How to Find Better Breakouts
If you’re looking at only one price chart, you’re ignoring important catalysts that could lead to bigger and more consistent breakout plays.
Today, I’m going to show how you can select better breakouts by using charts from multiple time frames. Weekly, daily and even hourly charts all offer very different looks. But if you learn how to spot consistencies across separate time frames, you will have the potential to exploit better breakout stocks.
Before I get into the details, I want to briefly discuss the performance of breakouts and how they have been affected by current market conditions. This is something I’ve been talking about a lot recently — mainly because we’ve seen little follow-through in this market. After what appears to be a routine breakout, we’re seeing little to no continuation. Or worse yet, a stock quickly breaks out, but instead of holding onto its gains, the whipsawing stock abruptly reverses.
Traders will sometimes call this a “hit and run” market, with so many skittish traders bailing out of a stock at the first hint of selling pressure — sending shares back below the newly broken resistance zone.
Obviously, whipsaws and other failed breakouts can be extremely frustrating for traders. That’s why I want to talk about multiple time frames today. The market is bouncing off support this week, giving you the perfect opportunity to look for new trades on the long side.
That’s where charts showing different time frames come in…
Take a look at this recent breakout:
Here we have a daily chart of AmerisourceBergen Corp. (NYSE:ABC). The stock has just broken out of a sloppy inverse head and shoulders pattern with resistance right on $40. So far, ABC is showing a clean breakout, with a slight retracement today.
But what about a much longer time frame? Take a look at this same stock’s weekly chart:
Now we’re beginning to get a better idea where different resistance levels might come into play. As you can see, even after its breakout on the daily price chart, ABC is still a couple of dollars from posting new 52-week highs. Another key resistance area might affect trading near $42. That’s not necessarily a bad thing. However, shares might need more time to consolidate below $42 before making new multiyear highs. If that consolidation area needs space below the shorter-term $40 breakout, it could be a while before your trade sees meaningful follow-through to higher prices…
Here are a few tips to remember on your search for better breakouts using different time frames:
When you’re looking for stocks to trade, breakouts on two or more different time frames are ideal. If a stock is breaking out on a weekly and a daily chart, you should put it at the top of your list. Of course, normal trading rules still apply. There are no guarantees — no matter how strong a setup might initially appear.

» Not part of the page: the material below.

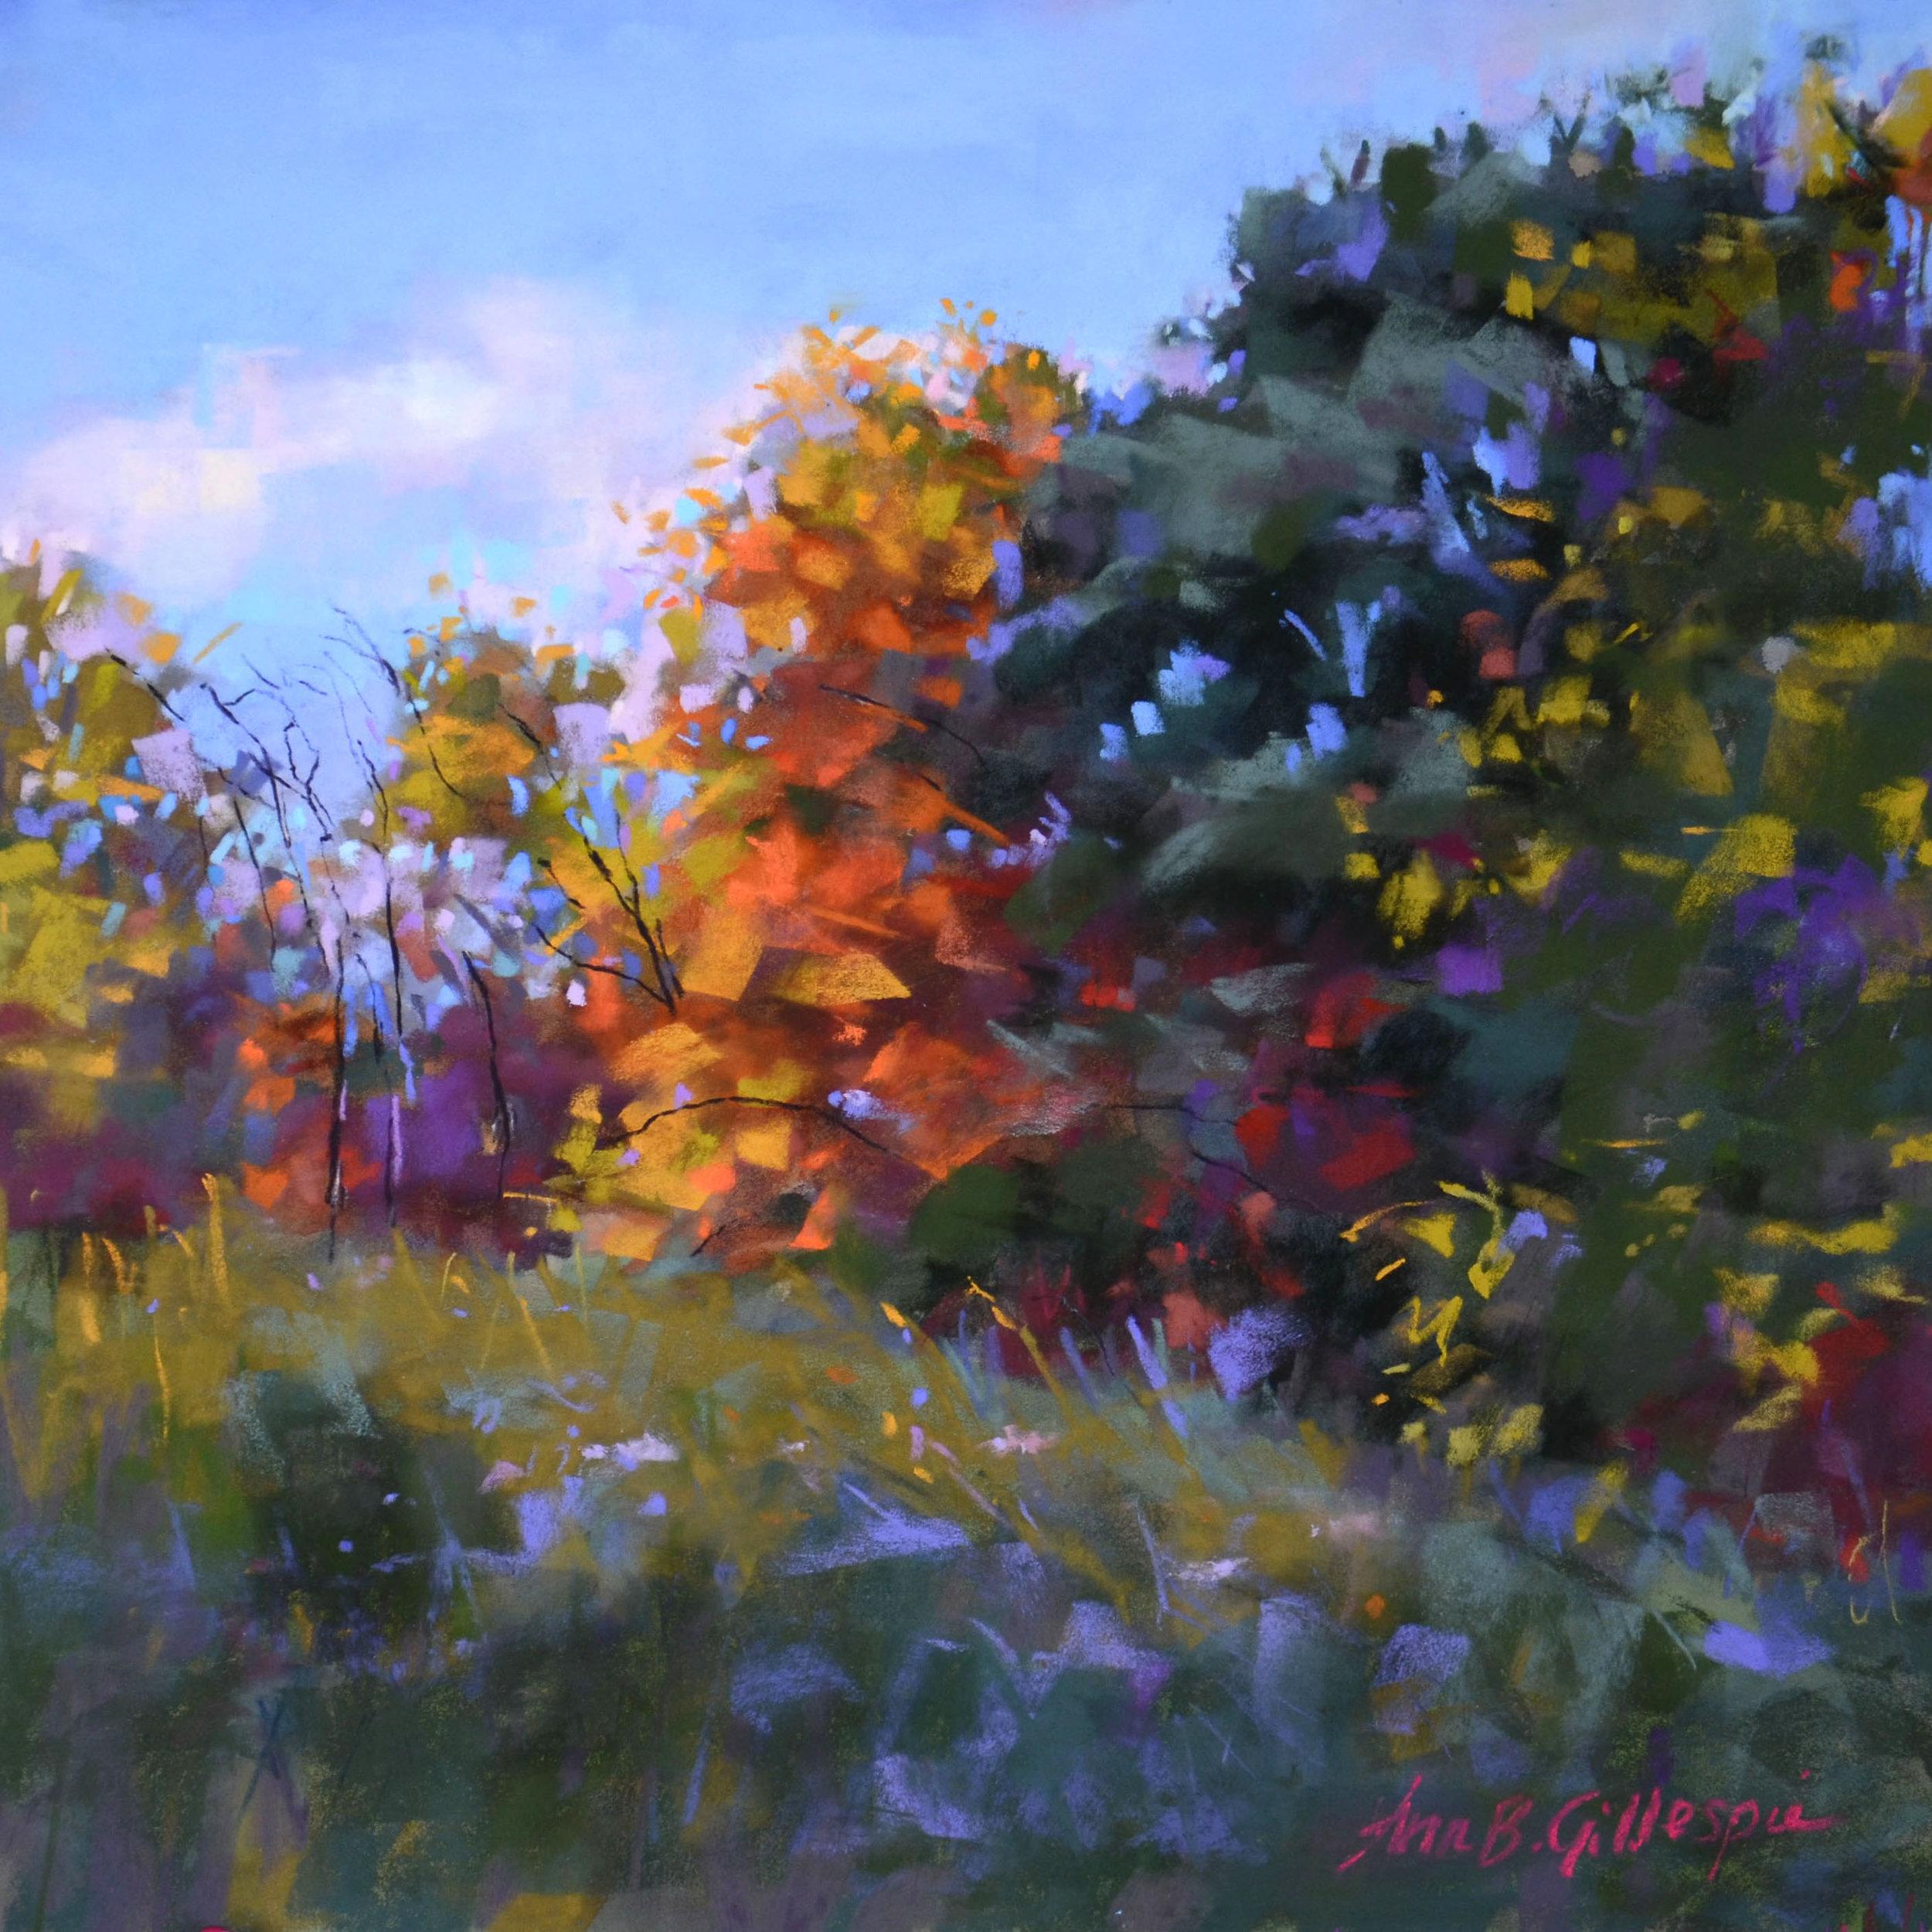 Autumn Beckoning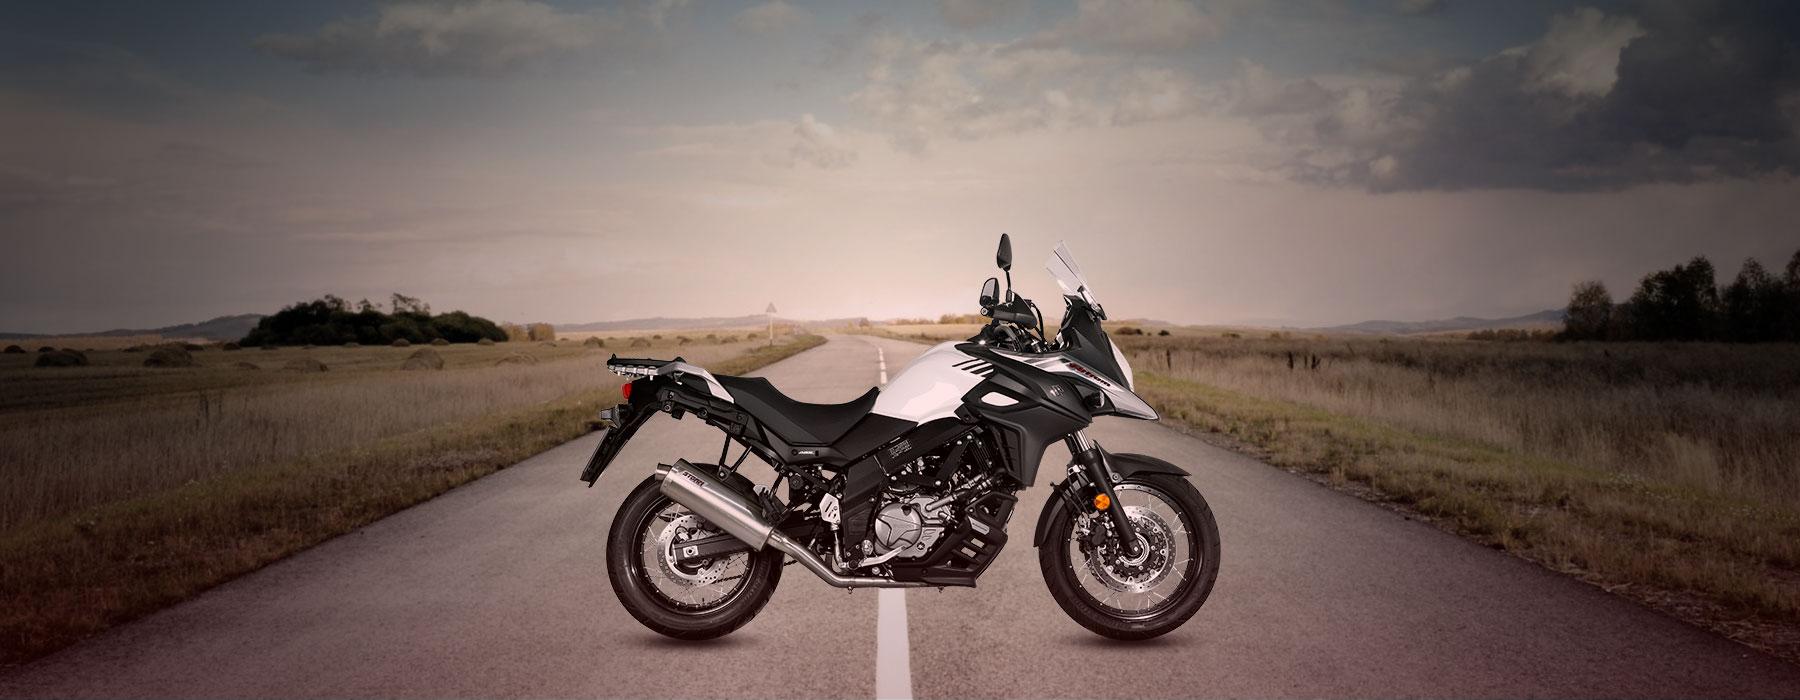 Bike exhaust, Motorcycle exhaust, Motorbike muffler - Storm

Next, you should always pick time frames that will help your personal trading goals. Unless you are a day trader looking to hold a trade for a couple of hours or less, there’s really no reason to mess around with one-minute charts. Likewise, a 10-year view of a stock will probably not be very helpful to a short-term swing trader.
Finally, don’t be afraid to experiment with unusual settings on your charts. Every once and a while, it’s good to take a peek at a monthly chart — or even a two-hour chart. These can give you different perspectives that many other traders simply ignore. Maybe you’ll see an interesting setup that everyone else misses…
Remember, always make a plan before you trade. If you take an extra couple of minutes to study a couple of different time frames, you might see something you missed the first time around.